Camping recipie to try:
- Butternut squash
- Sweet chilli
Empty out pits from squash and drain juice. Stuff squash with feta et al, wrap in tinfoil and throw in your campfire.
Turn every just now.
Journal entry from Day 12 24 October 2008
A bunch of honey badgers were after our trash last night and freaked everyone (me) out.
Today we saw loads of giraffes. There weren't any really good photo ops but it's just as well, since my camera is nearly out of battery and there are still two more days before I can charge it.
The foliage in this part of Botswana is brutal. Sharp sticks, thorns etc. and dry beds of thistles. It's very uninhabitable.
As we drive through the desert on the “roads,” the sticks slap into our vehicle (since there aren't any windows) and hit and scratch us. Yesterday was purely a game of, “avoid the branches to save your eyes,” drive.
We're now in our third National Park. Moremi.
I'm really sweaty all over. Just absolutely gross.
The roads haven't improved, but we did see a whole pod of hippos, more elephants, eagles, zebras and giraffes. So... it equals out.
I HAD A COLD SHOWER AT A RANDOM REST STOP!
Except I didn't have soap or a towel, so it was more of a cold drenching. And since I couldn't dry off I now have some uncomfortable wet marks.
No, scratch that.

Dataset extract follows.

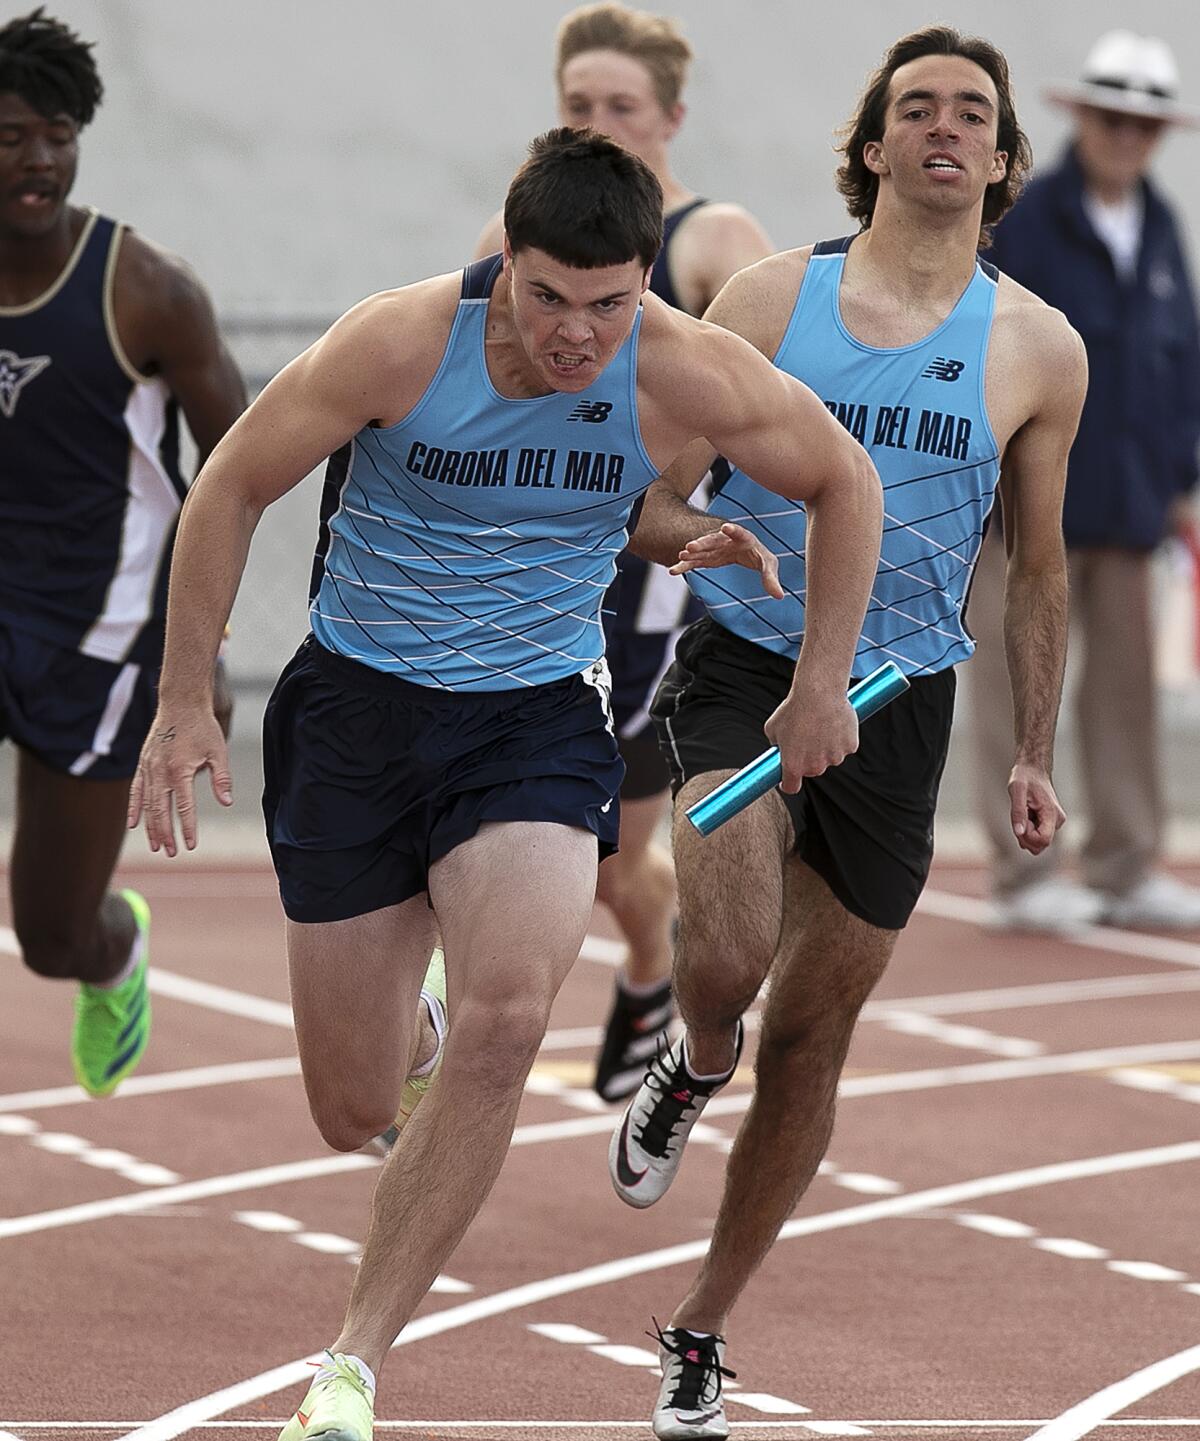 Corona del Mar's Jason Plumb, left, secures the hand-off from teammate Tanner Touchard, right, in the boys' 400-meter relay.

They would be uncomfortable wet marks if I had any regard for my general appearance. You know, in normal life where regular hygene is viewed as important. This is some alternate reality where I couldn't care less.
At the rest stop we made bunwiches for lunch and I am so satisfied. The bun was even brown, which is a first for me in Africa. For some reason, up until now, I could only find white bread.
I guess we have another long day of driving, stick avoiding and camping in the lion-infested desert. I wonder what the plan is for tomorrow?
I think I should go to bed early tonight so I can get more than five hours of sleep. iPod to the rescue!
Speaking of games, this is a good opportunity to post this video of a game I played at the beginning of my trip in South Africa.
I was told it's a real South African game.
Objective: Spit the poop the farthest
Rules: Don't step over the starting line, don't swallow the poop, must take a swig of Vodka prior to spitting but post putting the poop in your mouth
I think I won, but I never got a prize. The ranger told me the wind caused my poop to fly but I argued I'm just really good at spitting.